Ideas about how to best bring about change are evolving. Some of today’s thinking requires rewriting the manual on how to lead an organization in an age of discontinuities, while other concepts come from proven practices that have served the most respected organizations for decades. Those that have mastered change demonstrate the advantages of evolutionary vs. revolutionary processes to introduce, and manage, change as an opportunistic transformation.

Successful organizations refrain from the philosophy of “change for change’s sake.” The throwaway American consumer market puts tremendous pressure on leaders to constantly reassess a brand, sometimes with little regard for the heritage that grew the equity in the first place. However, certain circumstances such as a corporation’s need to shore up shareholder value or an institution that must address scandal, may indeed require drastic action.

Radical changes (or any change for that matter) that pay little heed to the organization culture and values, overlook the best interests of constituents, and engage in an ill-conceived or poorly communicated vision, are usually traumatic and disruptive to the entire entity. Instead of creating a new dynamic for achieving goals and objectives, excessive change tends to create chaos, cynicism, distrust, and burnout. This is not to suggest that new leaders must relinquish their latitude to run the operation as he or she sees fit. However, according to Columbia Business School Professor Eric Abrahamson (“Change Without Pain”; Harvard Business Review, July/August 2000): “To change successfully, companies should stop changing all the time. Oscillation between big changes and small changes helps ensure dynamic stability in organizations. More critically, it paves the way for change that succeeds.”

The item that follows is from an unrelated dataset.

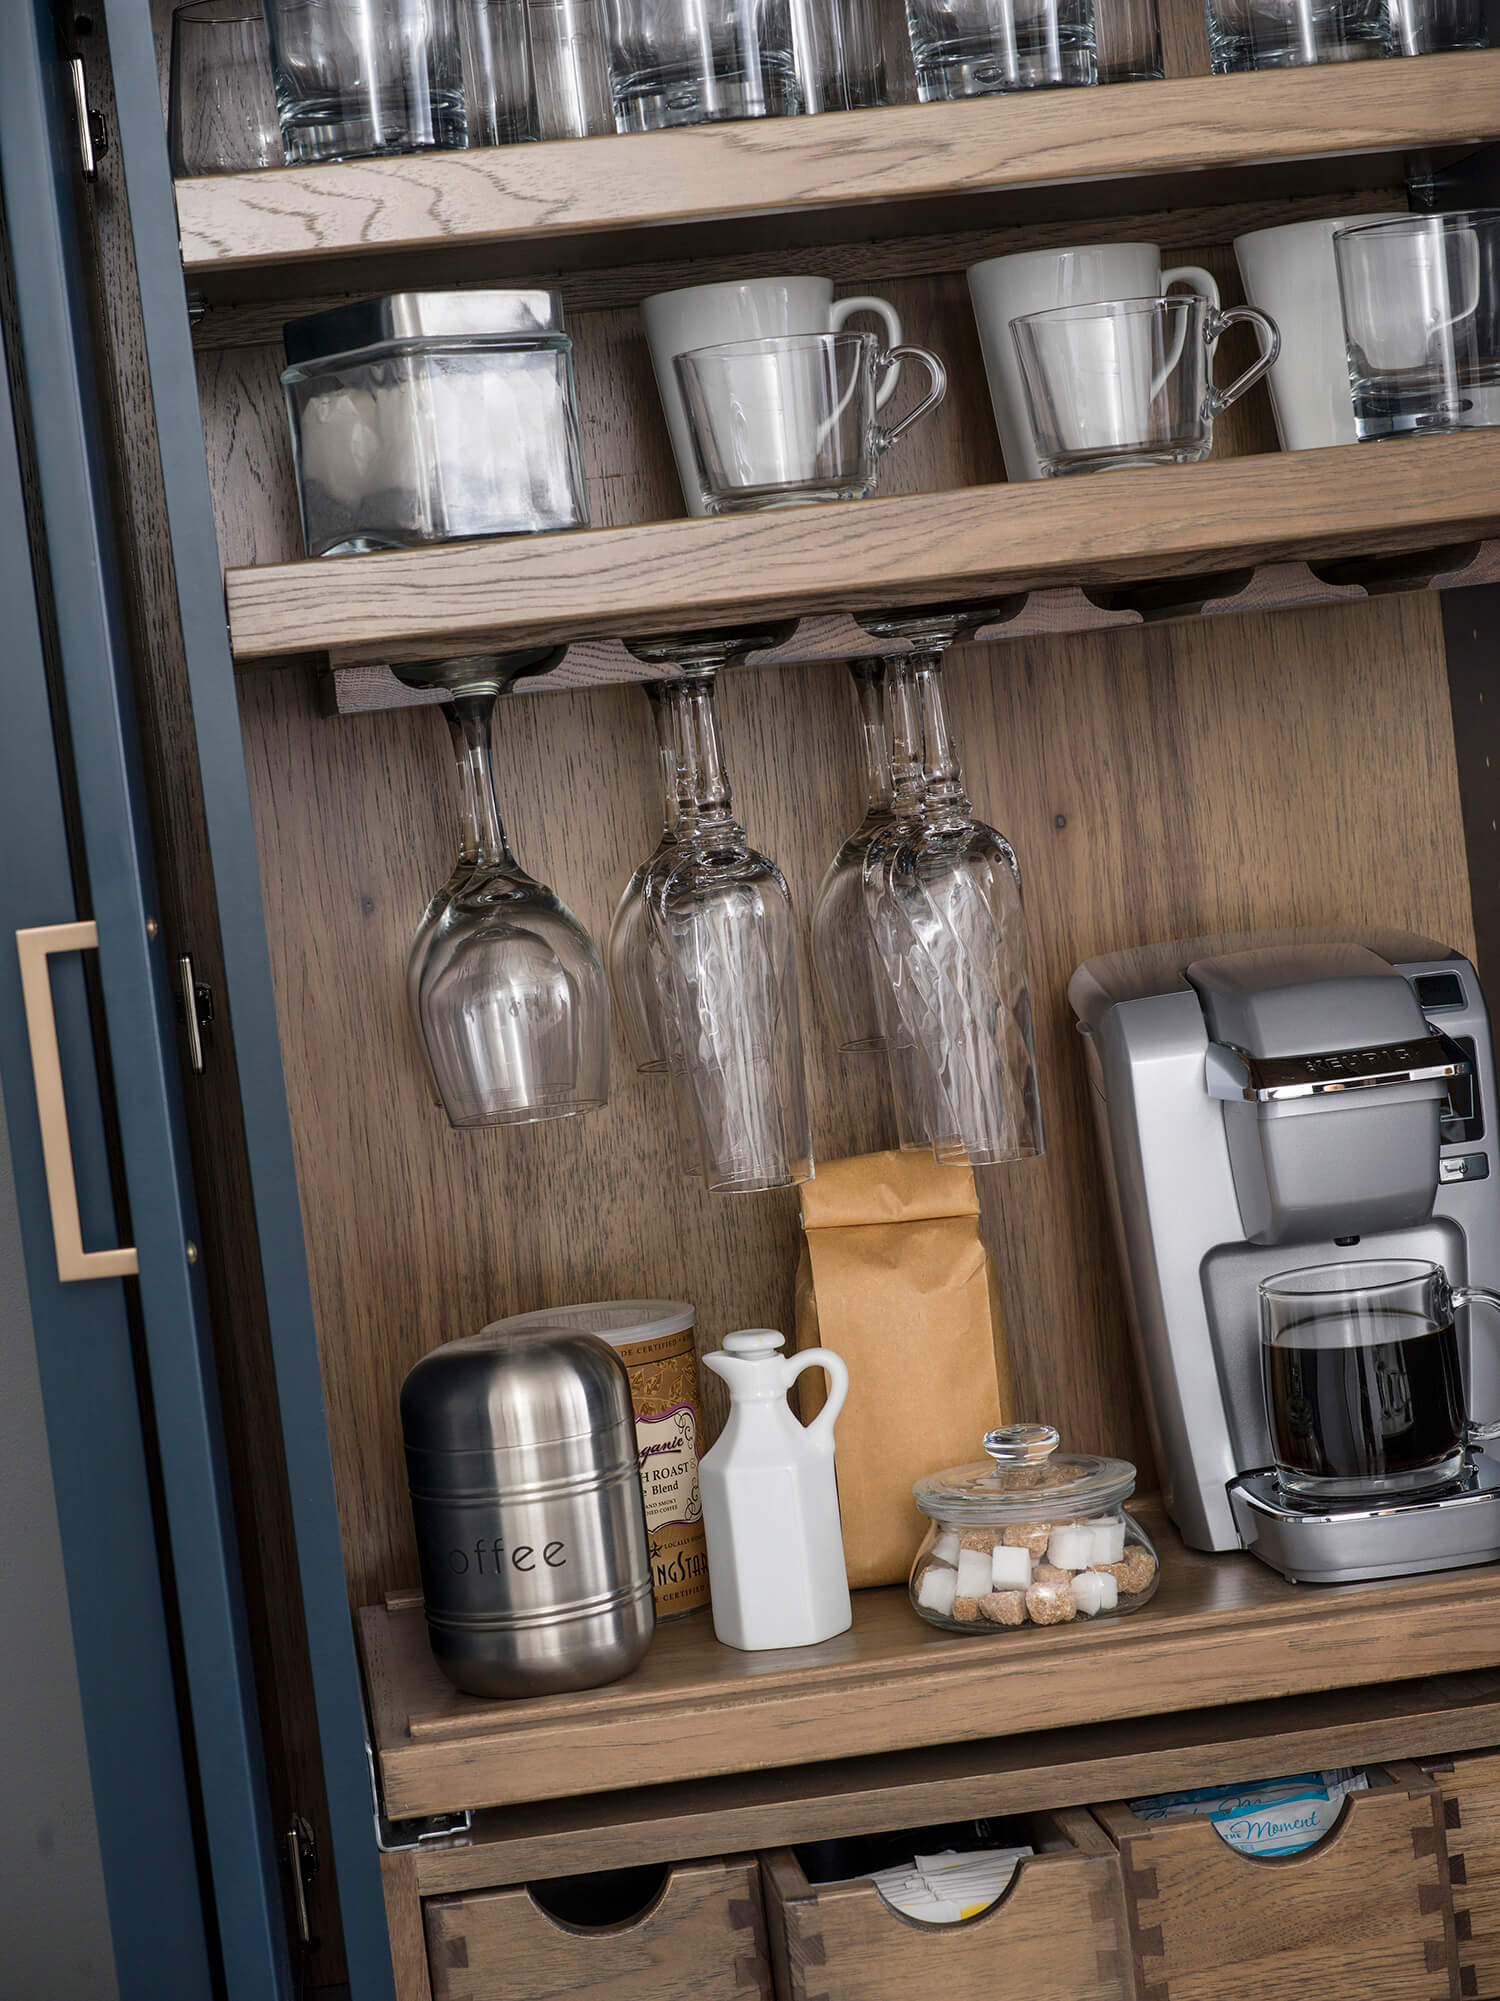 A beverage center larder cabinet with customized internal storage accessories including apothecary drawers, a flat roll-out shelf for a coffee maker or blender, and additional customized shelving.

Organizations usually change primarily in two ways: through drastic action or evolutionary adaptation. Drastic action is, by nature, discontinuous. It is often forced or imposed in response to disruptions (innovations by others), a lack of resources, or shifts in the competitive context from regulation, legalities, cultural or political dynamics. Evolutionary adaptation is more pliable, often incremental, more evenly distributed, and less disruptive.

Looking back over the reign of Jack Welch at General Electric, his holistic transformation of the corporation may appear to have favored upheaval. But Welch saw his strategy for change as the “evolution of a central idea through continually changing circumstances” (“Straight from the Brain”; Strategy + Business, 2002).

This approach has been described as dynamic stability – where the focus on strategy is less about what is done than what is lived. It interprets change as a strategy of semi-continuous transformation, not just anticipating the next event but evolving to a state of continual readiness to transform. By stressing the desired outcomes or key objectives, change becomes an embedded discipline of mobilization that drives the enterprise to new strategic positions.

While pursuing change through dynamic stability is more difficult than coming up with the ‘big’ change, it does entail far less pain and disruption to the organization. Eric Abrahamson describes it as being part art and part science, and suggests four operating guidelines to achieve it:

Reward Shameless Borrowing: “Noodle with what already exists, inventing from scratch only as a last resort. Words like ‘copycat’ and ‘impersonator’ should be compliments, not insults.”

Appoint a Chief Memory Officer: “Only by remembering the past as we tinker and kludge can we avoid making the same old mistakes – and take advantage of valuable opportunities.”

Tinker and Kludge Internally First: “Dynamic stability is much easier to manage if you stay inside the organization… an organization has greater difficulty reconfiguring imported parts.”

Hire Generalists: “Their range of skills lets them combine disparate ideas, techniques, processes and cultures. In other words, they can tinker and kludge.”